What exactly is rough and tumble play? It is when 2 or more children engage in a physical situation. For toddlers, this may mean that they are crawling onto each other or lying on each other. For nursery children, they could be having a wrestle or a light push and pull. For preschoolers, they could be pretending to be engaging in a fight where they are chasing or grappling with each other. In this physical situation, neither party is in a position where they feel uncomfortable or forced and instead are enjoying it as they see it as part of their playing together. While it is more common among boys, not all boys will be open to such play. On the other hand, girls do not really engage in rough play but some girls may be more rough than others. Therefore, this is an activity that will not be engaged by all preschoolers and it is important that the children involved in rough play respect this and do not attempt to engage other parties who do not enjoy it as the rough play will then become a real fight in their eyes.
Due to its similarities to a real fight and that physicality is involved, rough play is often deemed in a negative light. Adults may tend to step in quickly thinking to stop before someone gets hurt. However, what rough play provides is an opportunity for children to expend some of their pent-up energy, while at the same time, through their interactions with others, they also learn how to use their strength appropriately. They will therefore get to learn about the difference between pretend play and real fighting.
This, in fact, helps to reduce the amount of injuries they may have as they learn how to control their strength to prevent others or themselves from getting hurt. Having these push and pull opportunities with another child also allows preschoolers to understand more about the social interaction between people in a different setting. They will better learn about the different boundaries that people have and learn how to respect others’ decisions, those who may not want to be involved or when someone else calls to stop.

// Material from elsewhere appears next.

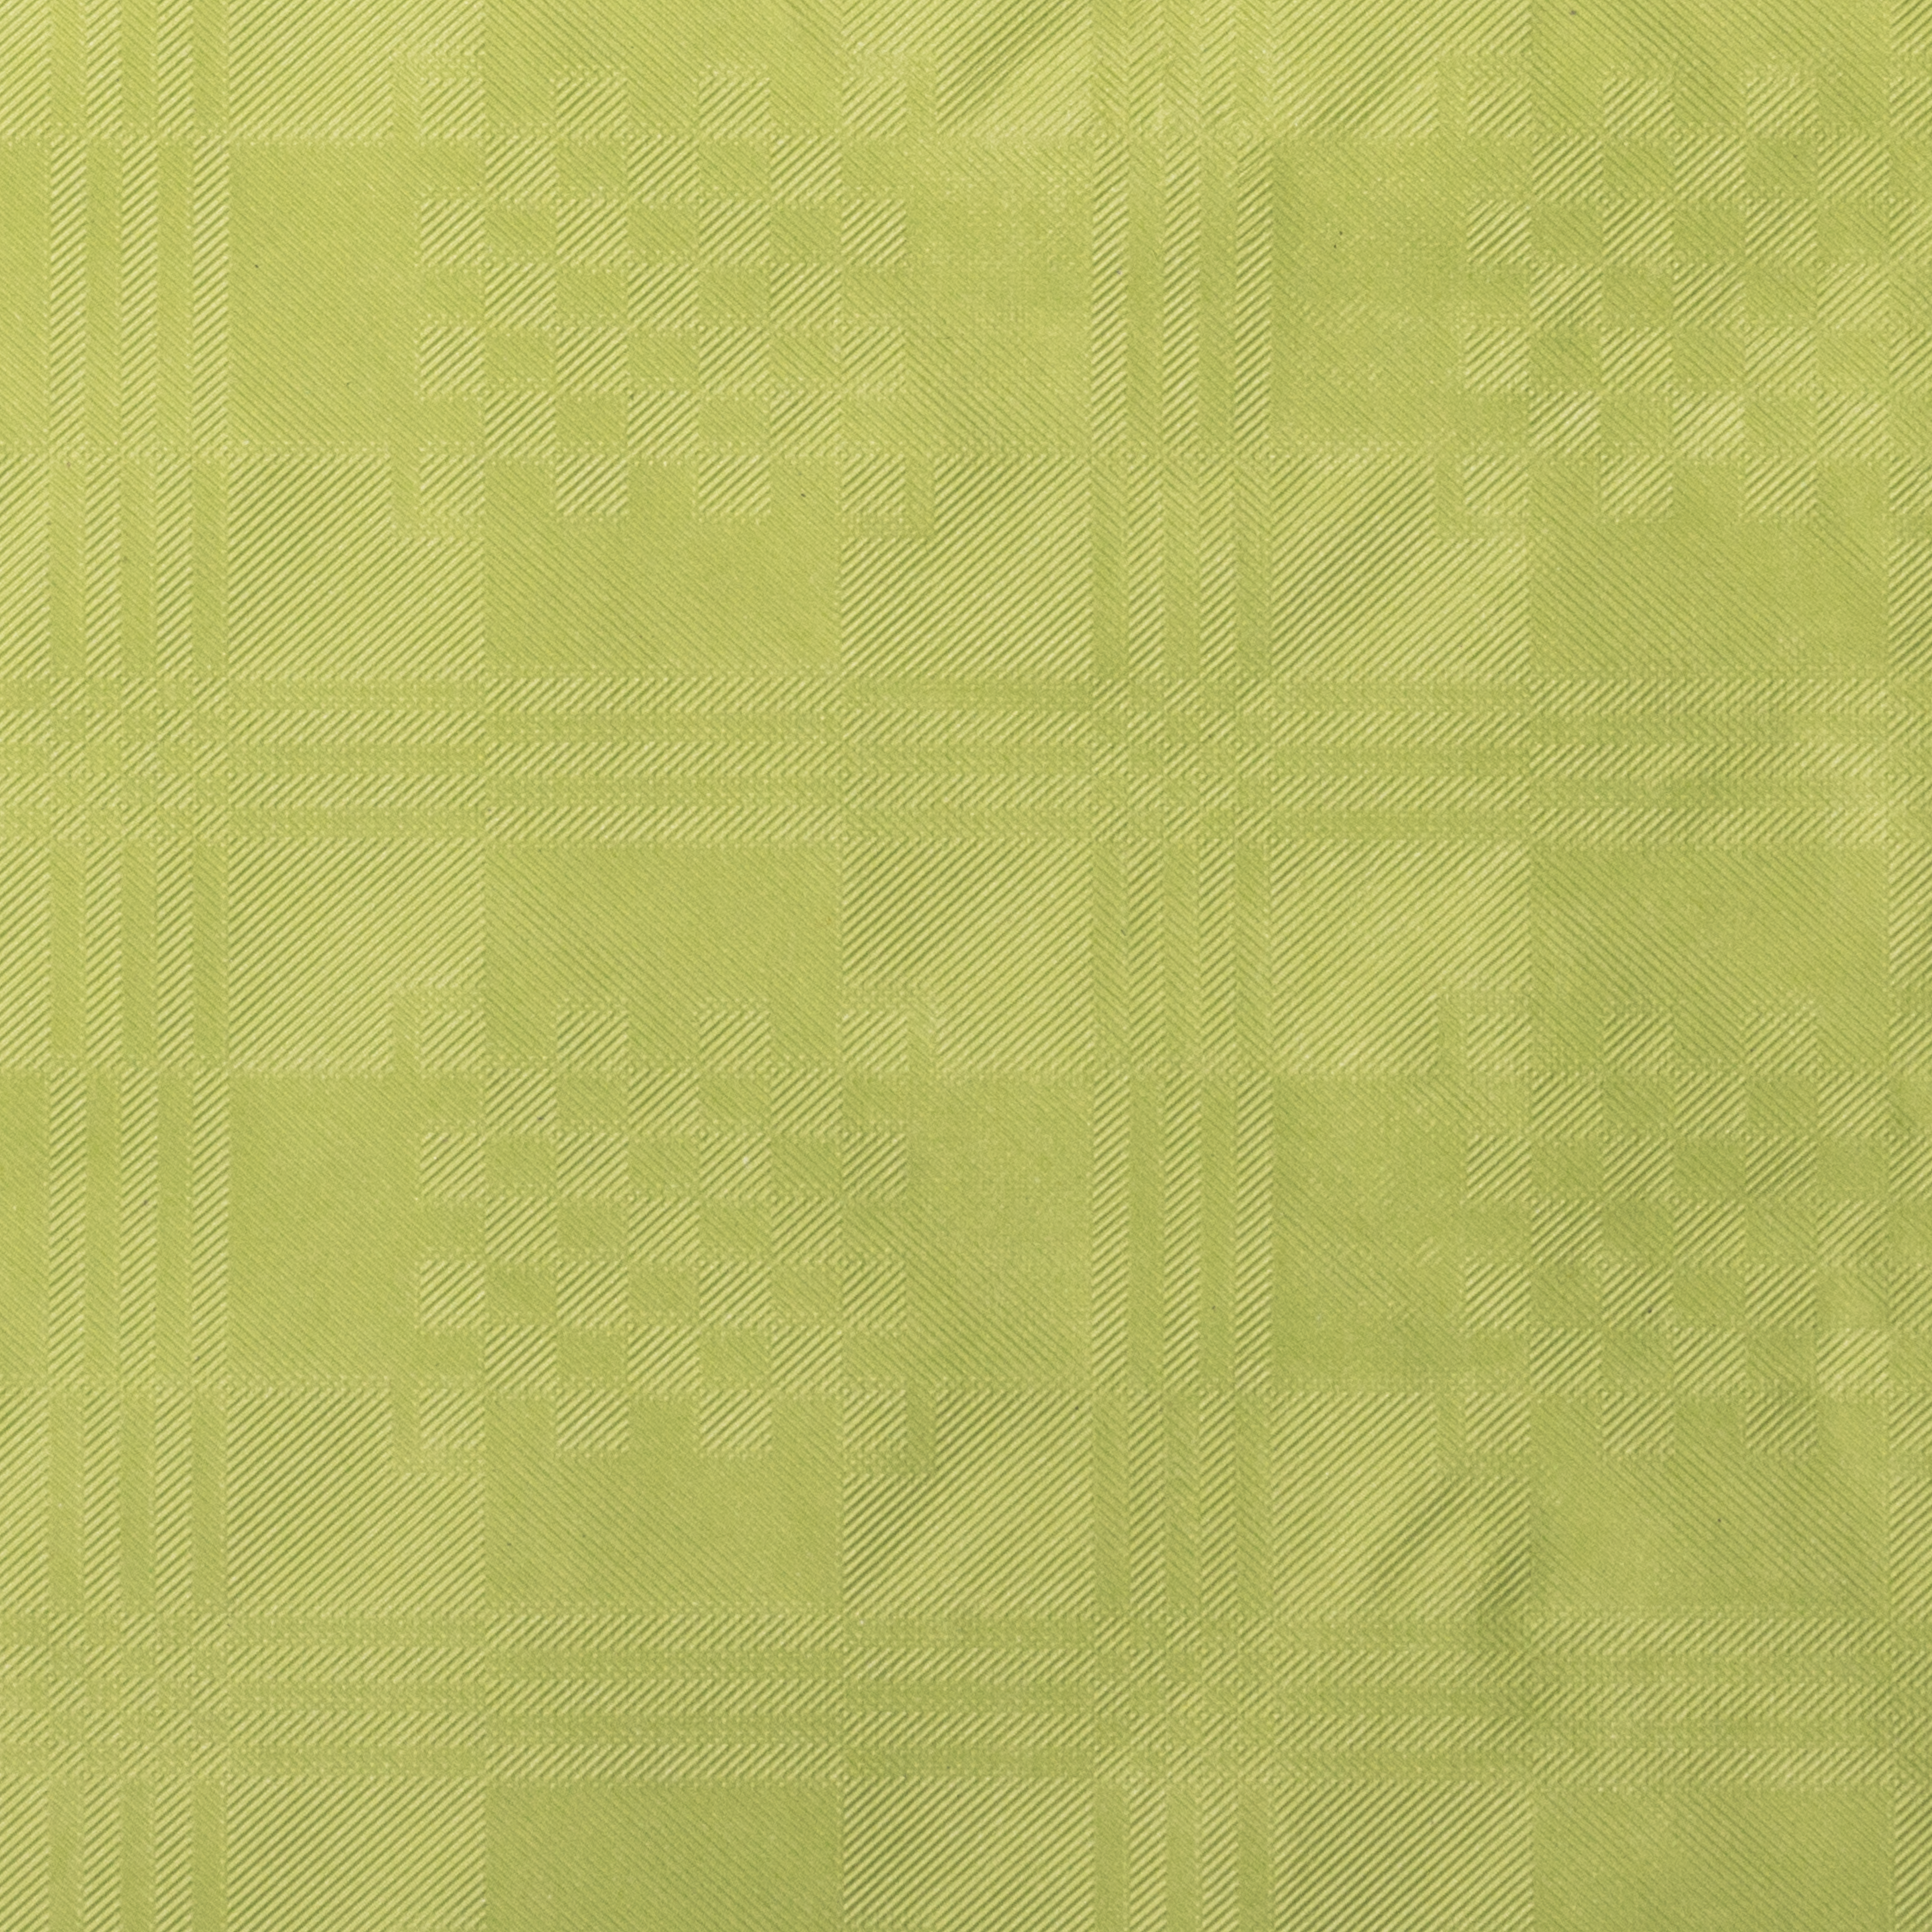 Tischtuchpapier uni apfelgrün, 1 x 10 m

Stopping toddlers and preschoolers early in a rough and tumble play would be taking away the opportunity for these young children to learn. Of course there are times where the rough and tumble play may turn into real fighting. While there may be very obvious signs when that happens, such as crying, if at any point you feel the interaction between the children is inappropriate, you can ask them if they are still having fun or not.
Constant check-in may disrupt their play and constant adult supervision may also make it difficult for them to engage in rough play so do make sure to still give children the appropriate amount of space for them to determine when they want to stop. Instead of having adults interfere, as children learn more through rough play, they will also learn how to interfere when they see others in a bad situation and be the ones to help their fellow preschoolers.

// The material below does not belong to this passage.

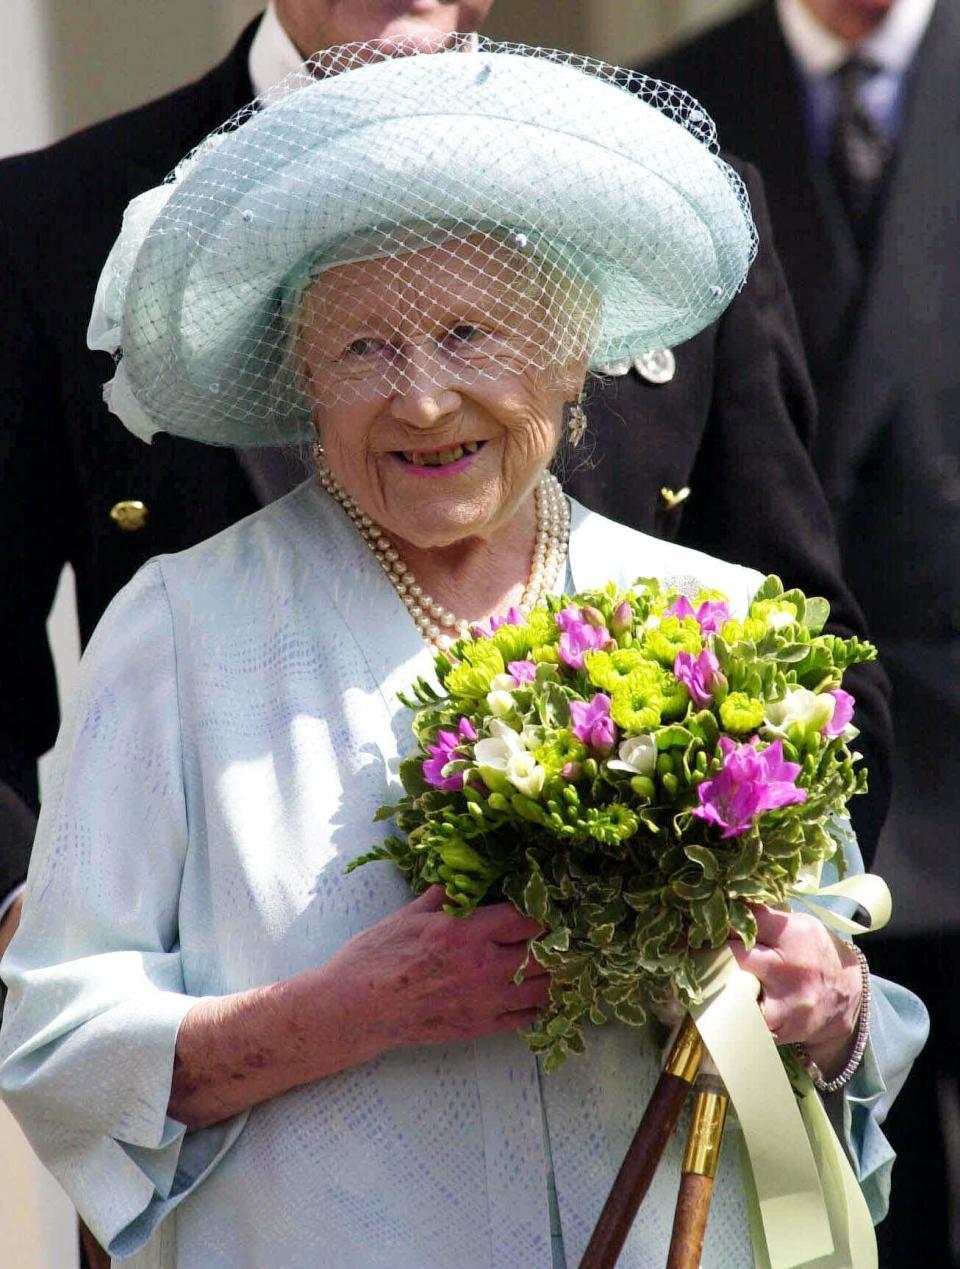 ARCHIVO - En esta foto del 4 de agosto de 2000, la reina Isabel de Gran Bretaña, la Reina Madre, durante las celebraciones por su 100 cumpleaños en Londres. (Rebecca Naden/pool via AP, Archivo)

Many times, the first rough play that toddlers and preschoolers have may be the ones that they have with their parents, mostly fathers, as mothers tend to be more cautious about such play that may seemingly lead to injuries or bodily harm. This would usually occur more with boys than with girls too.
The rough play between parent and child is different from that between children, firstly due to the difference in size and secondly due to the difference in the understanding and control. Parents can therefore be a good role model to their children when it comes to rough play.
Through the interactions with the adult, this is where they can learn about the settings of a rough play, learn how to make the rules and follow these rules to ensure that the play can still take place in an enjoyable manner. They will also take cues on how to stop others from continuing and how the other party respects their decision. When the parent gives autonomy to the child during such play, this helps them to make use of decision-making skills and learn to be responsible for their decisions too.
Toddlers and preschoolers can then use these various understandings in future when they engage in rough play with other children.